Gençlerin kullanımı artmaya devam ettikçe, e-sigaraların potansiyel zararları hakkındaki bilim büyüdü. Araştırmalar, e-sigaraların daha düşük miktarlarda ürettiğini, ancak sigarada bulunan toksinlerden arınmış olmadığını göstermektedir. Aynı zamanda, tatlandırıcı bileşikler ve diğer bileşenler kendi benzersiz zararlarını üretiyor olabilir. Son araştırmalar, e-sigaraların solunum sistemine verdiği zararları göstermektedir. Benzer şekilde, yeni çalışmalar, e-sigaraların kardiyovasküler sağlık için benzersiz tehditler oluşturabileceğini göstermektedir. Donanım tasarımında ve bileşenlerinde inanılmaz farklılıklar nedeniyle, genel e-sigara kategorisinin potansiyel zararları ve faydaları hakkında genelleştirilmiş açıklamalar yapmak neredeyse imkansız olmaya devam ediyor. Dahası, endüstri yöneticilerinin kendilerinin de kabul ettiği gibi, e-sigara kullanımının uzun vadeli sağlık etkilerini bilmiyoruz.
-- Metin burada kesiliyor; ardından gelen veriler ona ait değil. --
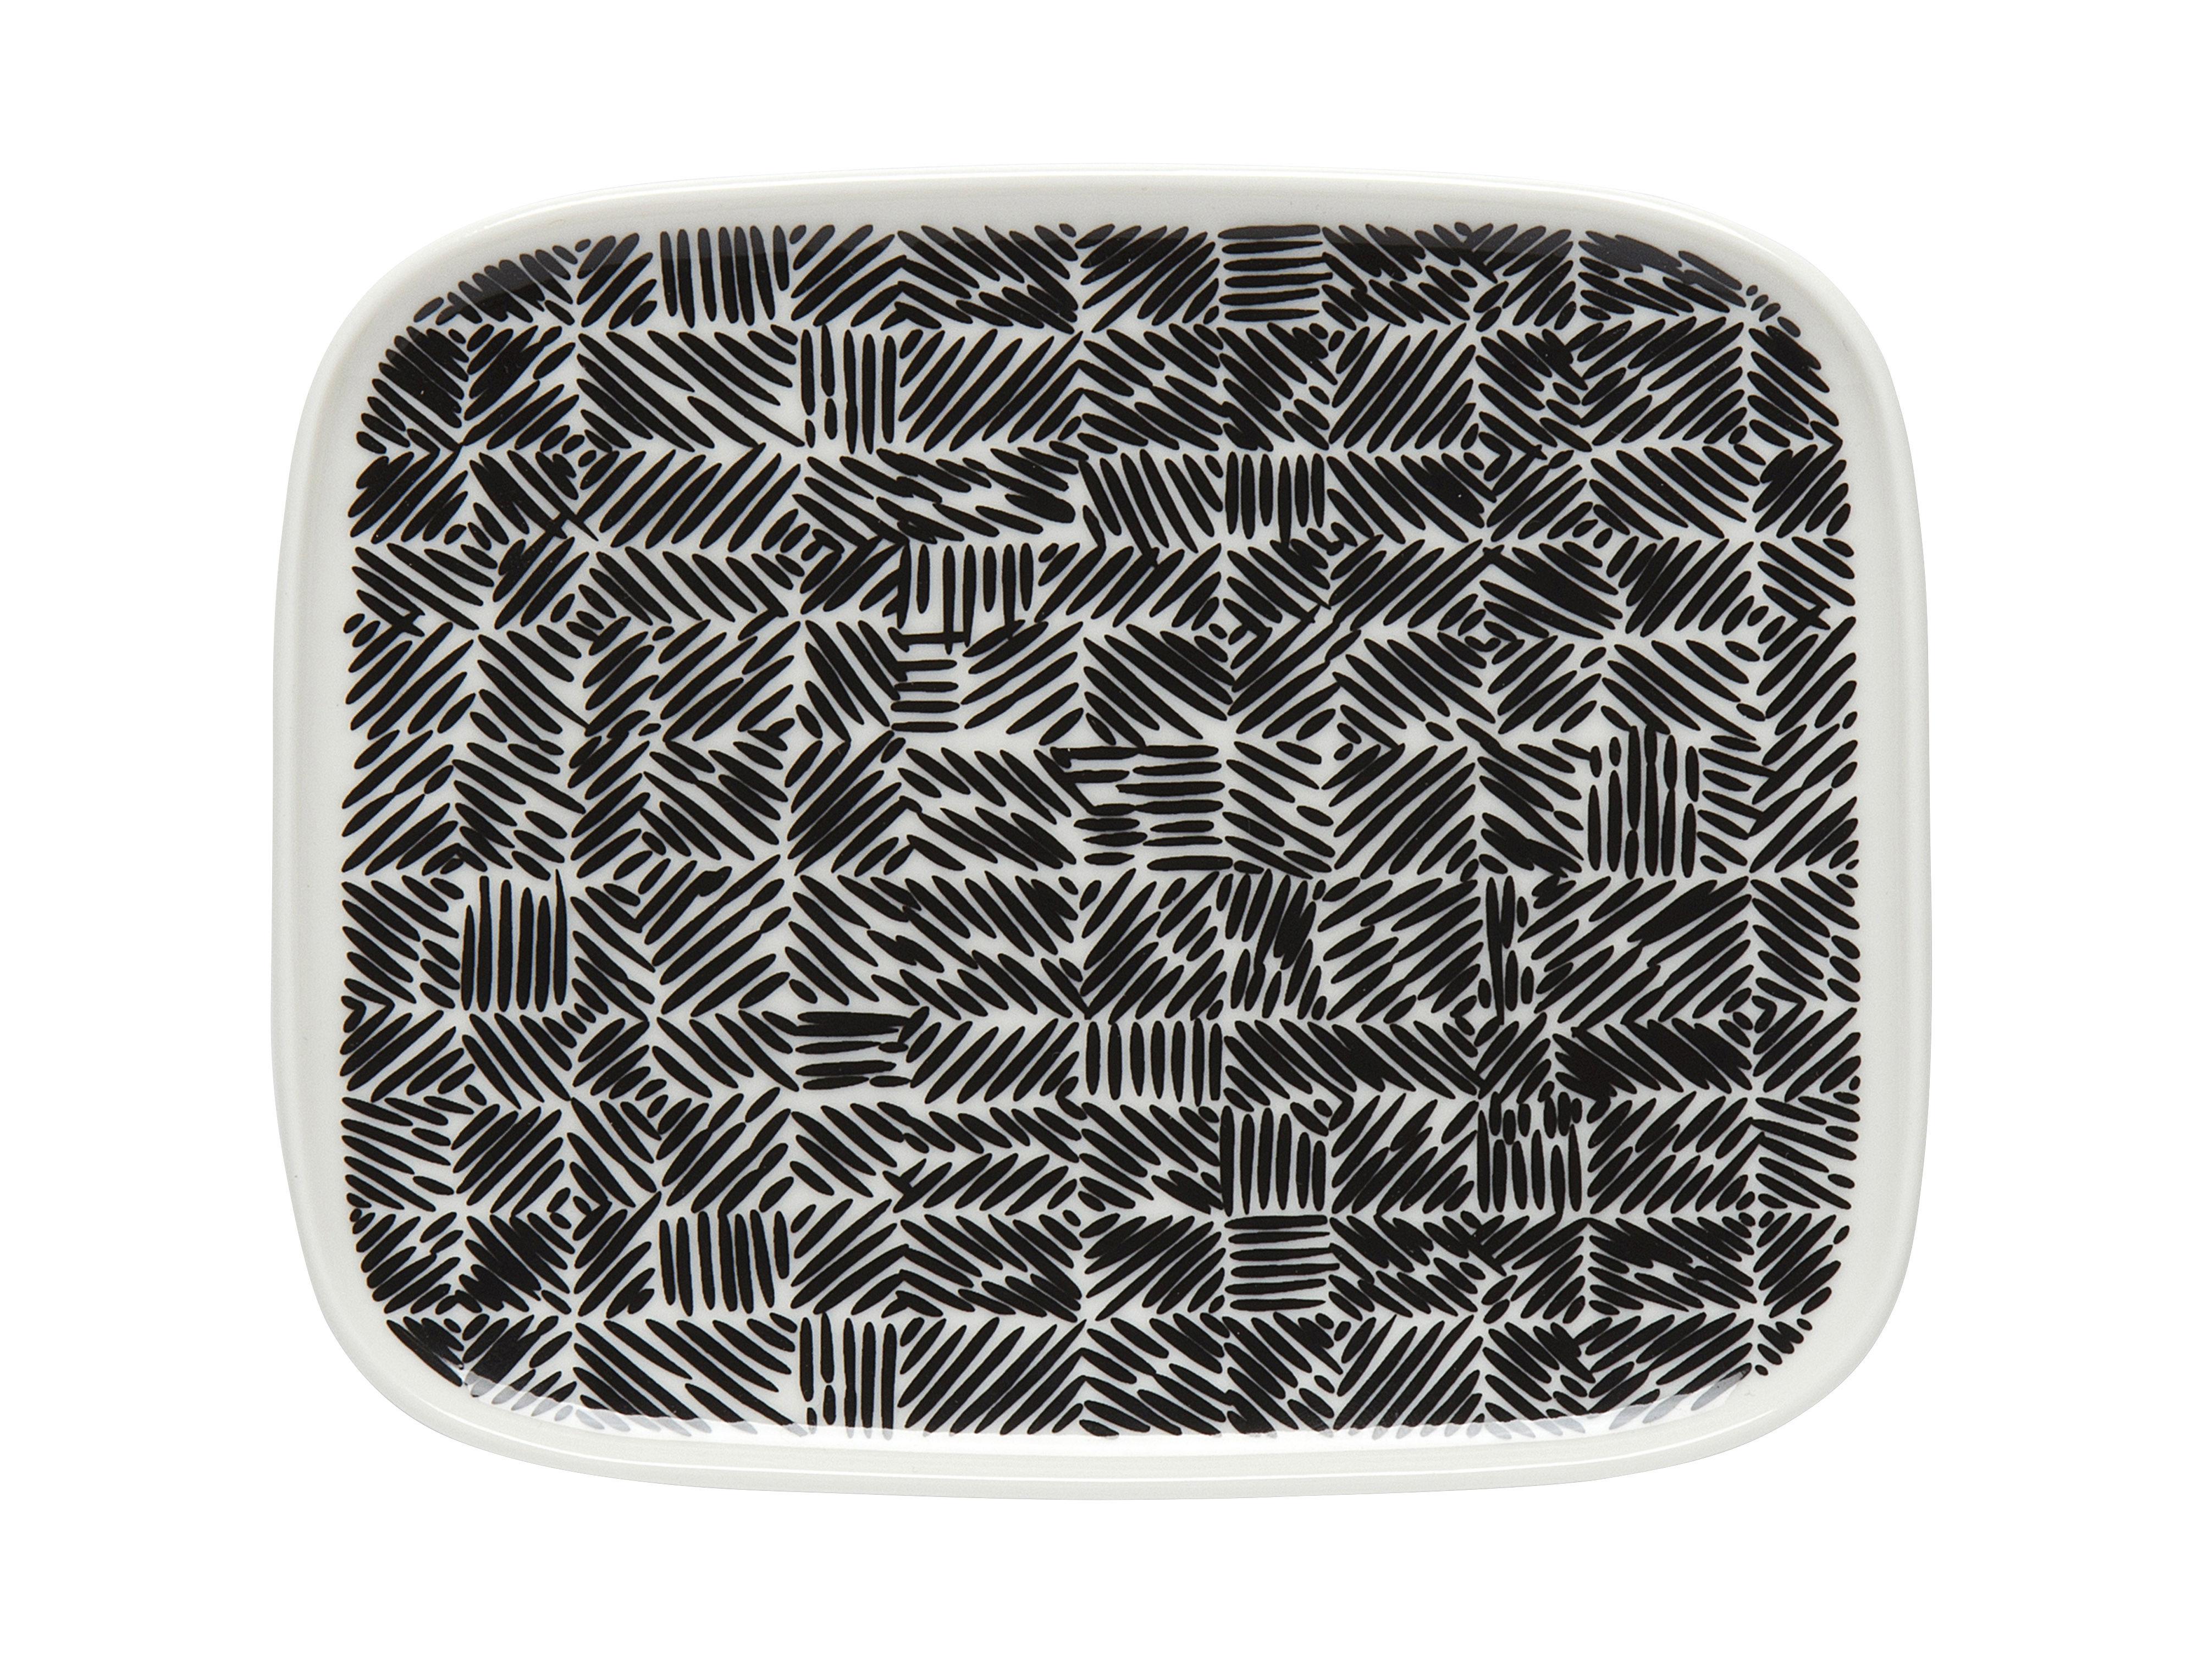 Arts de la table - Assiettes - Assiette à dessert Juustomuotti / 12 x 15 cm - Marimekko - Juustomuotti / Noir & blanc - Grès

Basitçe söylemek gerekirse, veriler, şu anda Amerika Birleşik Devletleri'nde satıldıkları ve düzenlendikleri şekliyle e-sigaraların, yetişkinlerin sigarayı bırakması değil, ezici bir şekilde gençliğin başlatılması için bir araç olduğunu gösteriyor. E-sigaralar, aksi takdirde asla olmayacak olan çocukları nikotine maruz bırakır ve onları hem uzun hem de kısa vadeli sağlık sonuçları açısından risk altına sokar.